La peur du pouvoir invisible fait naître ces réactions de rejet. Toutefois, cette force magique supposée attire aussi. Les guérisseurs haïtiens et marabout africains sont réputés pour résoudre des problèmes graves comme l’infertilité ou la séropositivité au VIH. Ainsi, conformément à la stratégie de récupération, c’est pour cette raison même, que les Créoles ont recours à leurs services. Des conseils pourront être échangés entre ces femmes afin d’améliorer leurs conditions de vie.

Au sujet de l’esclavage, la question des réparations permet d’unir les Créoles guyanais aux autres Noirs. Ainsi, sur le sol métropolitain, les Africains avec lesquels ils partagent quelques malheurs dans la société française, sont des adhérents bienvenus des associations d’antillais, réunionnais et guyanais.
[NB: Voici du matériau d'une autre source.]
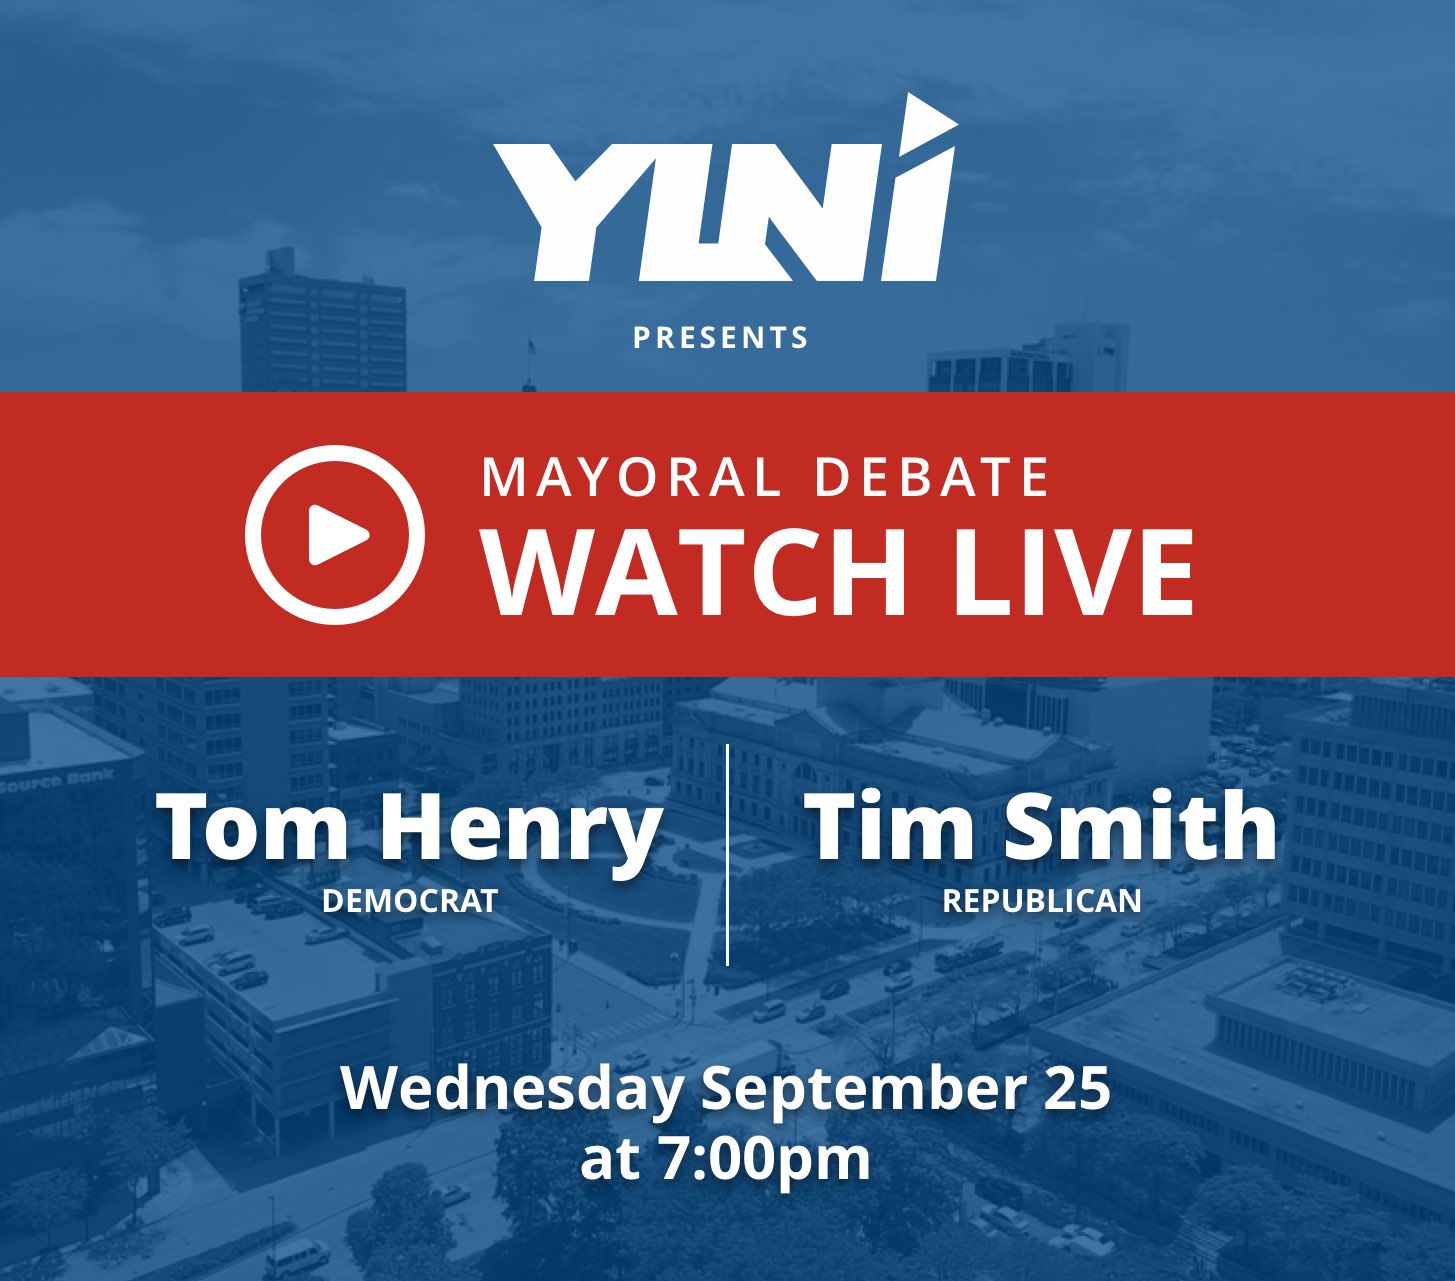 YLNI Mayoral Debate - Watch Live

Ainsi, dans le cadre du cent cinquantenaire de l’abolition de l’esclavage, « la marche du 23 mai 1998 » rassemble « 40 000 Guadeloupéens, Guyanais, Martiniquais, Réunionnais, entourés d’amis Africains, Haïtiens et Français métropolitains » pour rendre un hommage « au calvaire de leurs aïeux déportés et réduits en esclavage » (Comité marche du 23 mai 1998).

De même, depuis 2005, l’association le Cercle d’Action pour la Promotion de la Diversité en France (CAPDIV) vise entre autre à « améliorer la connaissance ou la reconnaissance des citoyens français et résidents du territoire français originaires d’Afrique ou d’outremer » (capdiv.org).

Toute opposition à cette fraternité et solidarité noire est vivement contestée. À ce propos, en décembre 2005, Patrick Karam, le président du collectif des Antillais, Guyanais, Réunionnais et Mahorais, était accusé par d’autres associations, mais aussi des élus et des intellectuels d’outre-mer de diviser les populations noires « après ses annonces tonitruantes sur les discriminations, en prenant le soin de dissocier noirs d’Outre Mer et noirs d’ailleurs (comme si les négrophobes faisaient cette distinction...) » (africamaat.com).

CONCLUSION

La réflexion de Barth [(1969) 1996] montre qu’un groupe se définit moins par le contenu de sa culture que par son interaction avec un Autre significatif. Il apparaît indispensable de s’attacher au rôle de la frontière socioculturelle comme processus « continu d’expression de validation » (op.cit : 15). Ainsi, dans cette stratégie « rejet-intégration », les Créoles guyanais opèrent un va-et-vient entre la xénophobie et l’accueil vis-à-vis des groupes qualifiés d’étrangers. Les idéologies s’affrontent et les stratégies, adaptées en fonction des intérêts du moment, peuvent apparaître contradictoires et ces réactions de défense peuvent surprendre par leur violence. Mais il s’agit de stratégies qui permettent de transformer des adversaires en alliés en fonction des contextes. Ainsi, la négritude et le statut de pays indépendant des Africains et des Créoles haïtiens peuvent aussi être présentés comme des exemples de résistance au pouvoir colonial français. « « 

Traduit du langage ésotérique de la sociologie, ça donne ceci : bénéficiant  à l’extérieur, l’effet aspirateur de la France  est mortel pour celle-ci. Comme disait meme Michel ROCARD jadis , la France ne peut soulager toute la misère du monde. Il faut penser avec sa tete, pas avec son cœur.